隣の墓から草が伸びてきた

墓じまいをしなければお墓は草木に覆われます

隣のお墓にいつもお参りする人が来なくなったと思っていたら、いつの間にやら草が伸びてきてあまりに酷いので草を刈ってあげましたが、果たしてこの行いは仏教で言う所の善行、つまり功徳になるのでしょうか。

誰も来ないお墓

屋外にあるお墓はどんなに綺麗なお墓でも参る人が居なくなってしまえば荒れ果ててしまうもので、ゴミが溜まってきたり、草や木が生えてくるようになってしまいます。

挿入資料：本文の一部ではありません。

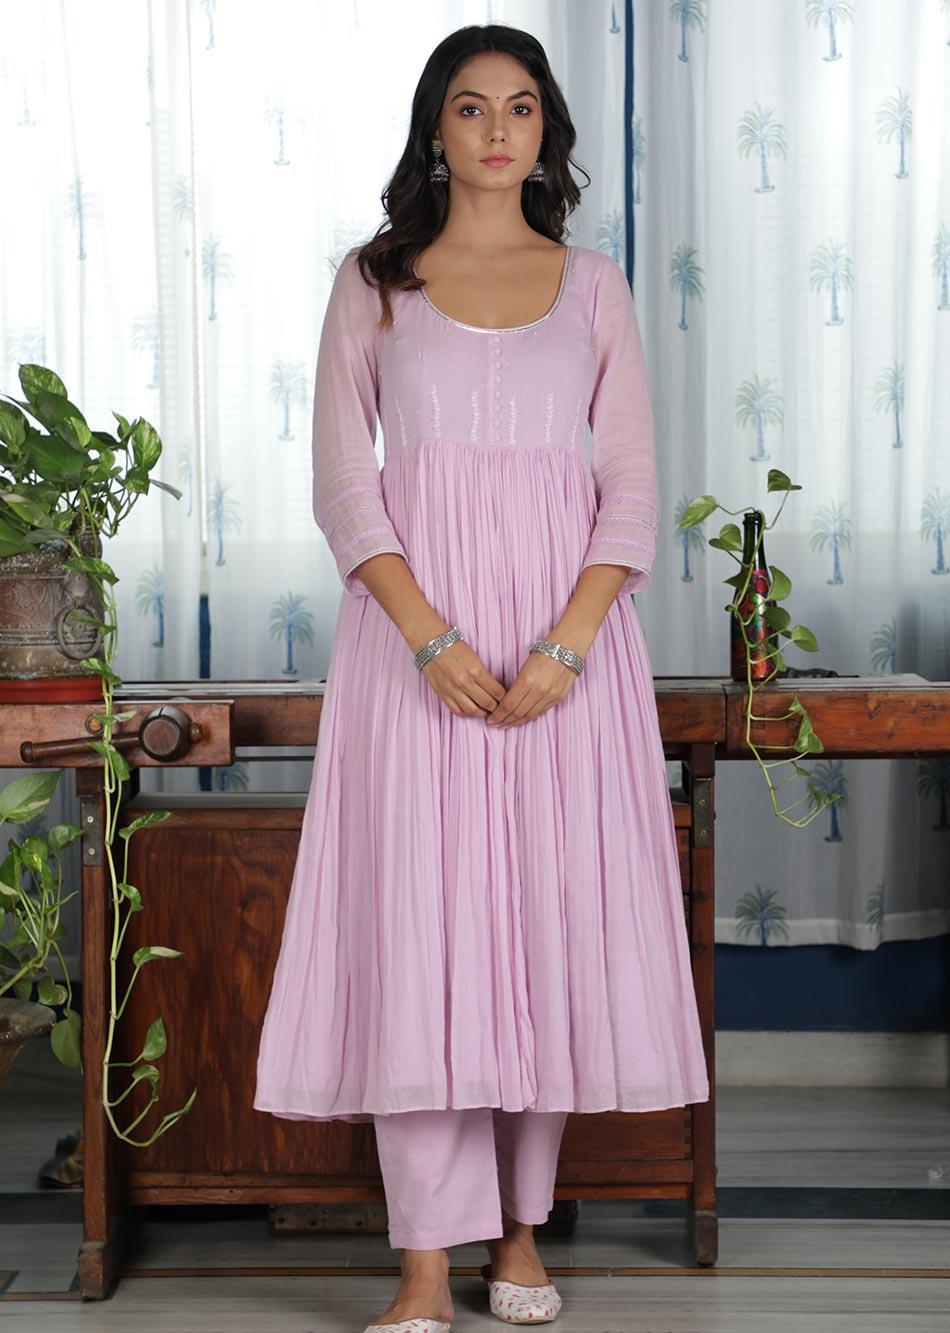 MOH Lilac Gathered Anarkali (only kurta) By Jovi Fashion

あまりに長く放置しますと木がどんどん成長して周りのお墓の石を持ち上げたり、コンクリートを割ってしまったり、枝葉が上から落ちてきて石の痛みが激しくなってくるのです。

誰かが定期的にお参りしているお墓はお掃除さえしていたら痛みが少ないのですが、誰も来ることが無くなったお墓は荒れ果ててすぐに分かるものです。

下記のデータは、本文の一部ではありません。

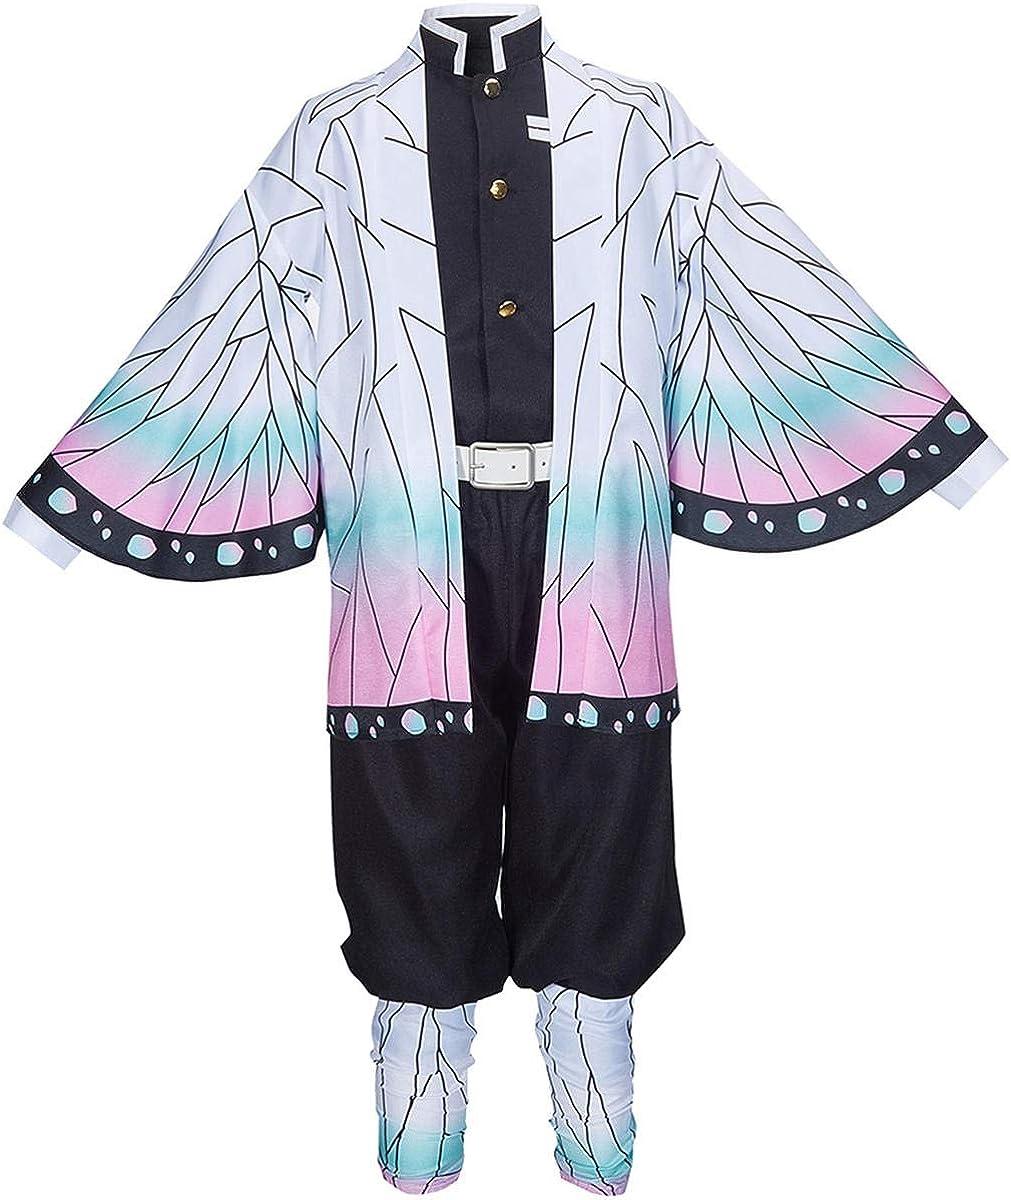 MIAOCOS Demon Slayer Kochou Shinobu Uniform List price Charlotte Mall C Father Boy Cosplay

誰も参ることが無くなったお墓でも年間管理費さえ払われていればお墓を強制的に撤去されることはありませんが、お墓の状態があまりにも酷くて隣近所に迷惑が掛かるような時には、お墓の使用人宛に連絡が行くようになっています。

公営や民営の霊園でしたら年間管理費が払われなくなった時点で強制撤去の旨が書かれた立て札が立てられて、一定期間の間に縁故者が名乗り出なければお墓は強制撤去されます。

強制撤去されたご先祖様は無縁として扱われてしまいますので、そうならないうちに墓じまいをする必要があるのです。

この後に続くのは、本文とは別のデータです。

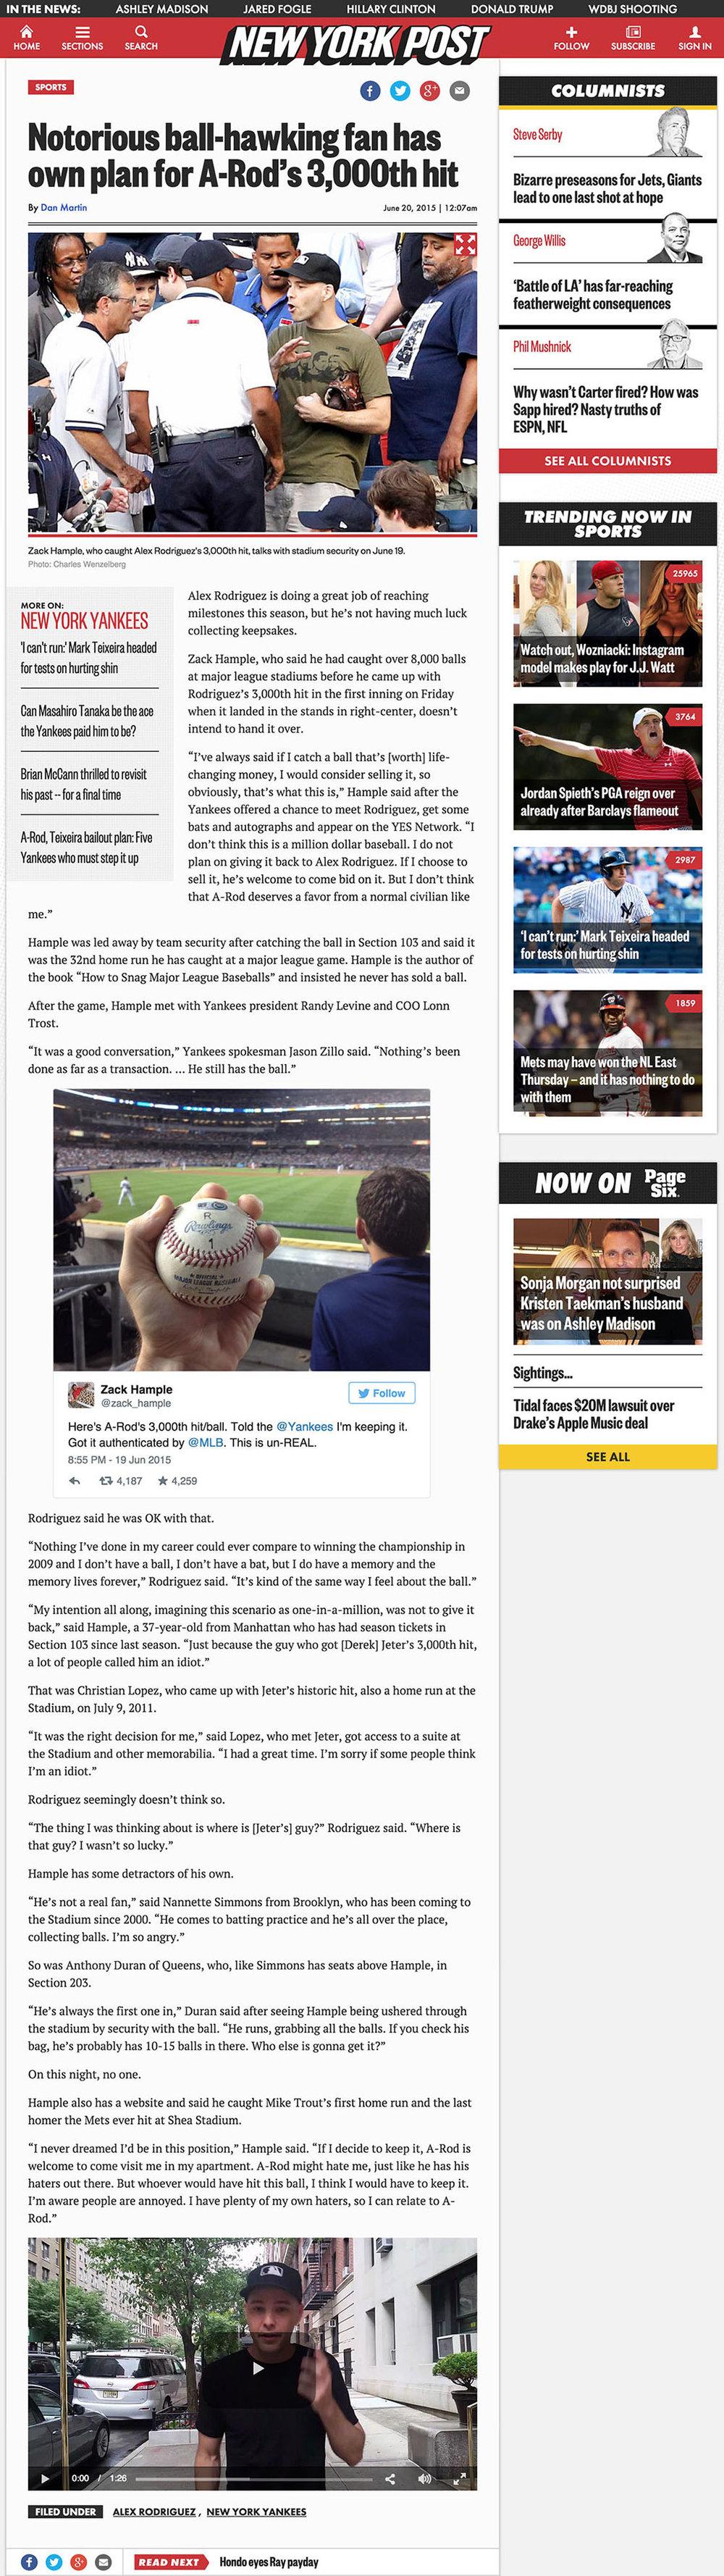 new_york_post2b.jpg

しかし集落の共同墓地などの場合には無縁になったお墓がそのまま放置されていることが多く、草木が生え放題で隣近所の方が困るということになるのです。

誰に言えばよいか

草木が生えて放置されたままのお墓に迷惑を受けているような場合には、現状を訴えるためにとりあえずそのままにしておいて、墓地の管理事務所または管理人の人に相談してみましょう。

管理事務所や組合がある所でしたら前向きに対応してくれるはずです。

管理人の居ないような集落のお墓でしたら親族の人や町内会長などに相談してみましょう。

隣のお墓の草刈りは善か悪か

隣のお墓に草が生えていて、気の毒だからと善意で草刈りをすることは良くない事だと昔から言われています。

何故なら隣のお墓の草刈りは隣の人がするべきだからです。

隣のお墓のご先祖様は隣の人が参って来るのを心待ちにしていて、隣の人がお参りして掃除し、花や供物、線香などを供えて手を合わせることが供養になるのであり、関係の無い人がしてくれても嬉しい事ではありません。

そうは言っても隣のお墓のご先祖は善意でしてもらった掃除に関してはやはり感謝しつつも、何回も続けて行いますと、当てにしてはいけない人のお参りを当てにするようになってしまいます。

お墓は本来、子孫長久を願い、子々孫々まで仲良くお参りする場所ですから、「○○家之墓」と書いてある通り、家を継ぐ者がお参りして管理しているからこそ価値があるのです。

ですから隣のお墓の草刈りはせっかくの善意でも善意にはならない、功徳にはならないということです。

今まで草刈りしてきた場合…

そうは言っても本当に困っていて、誰に相談してもどうにもならなかったので、そうせざるを得なかったような場合には、急に止めたら逆に恨まれそうです。

そういう場合には最低限度、自分のお墓に迷惑が掛からない程度に草を刈るようにしましょう。

折角だからと全部綺麗にすることはありません。

昔から「無縁仏に手を合わせるな」と言われるのですが、無縁仏にとっては誰か参ってくれる人が待ち遠しくて仕方ないので、手を合わせてくれる人が居たら嬉しさのあまり憑いてくると言われているのです。

ちょっと惨いようですが、自然に還っていき、忘れ去られるのも供養であり、大自然の摂理で、諸行無常の原理で宇宙が動いていることを悟るべきなのです。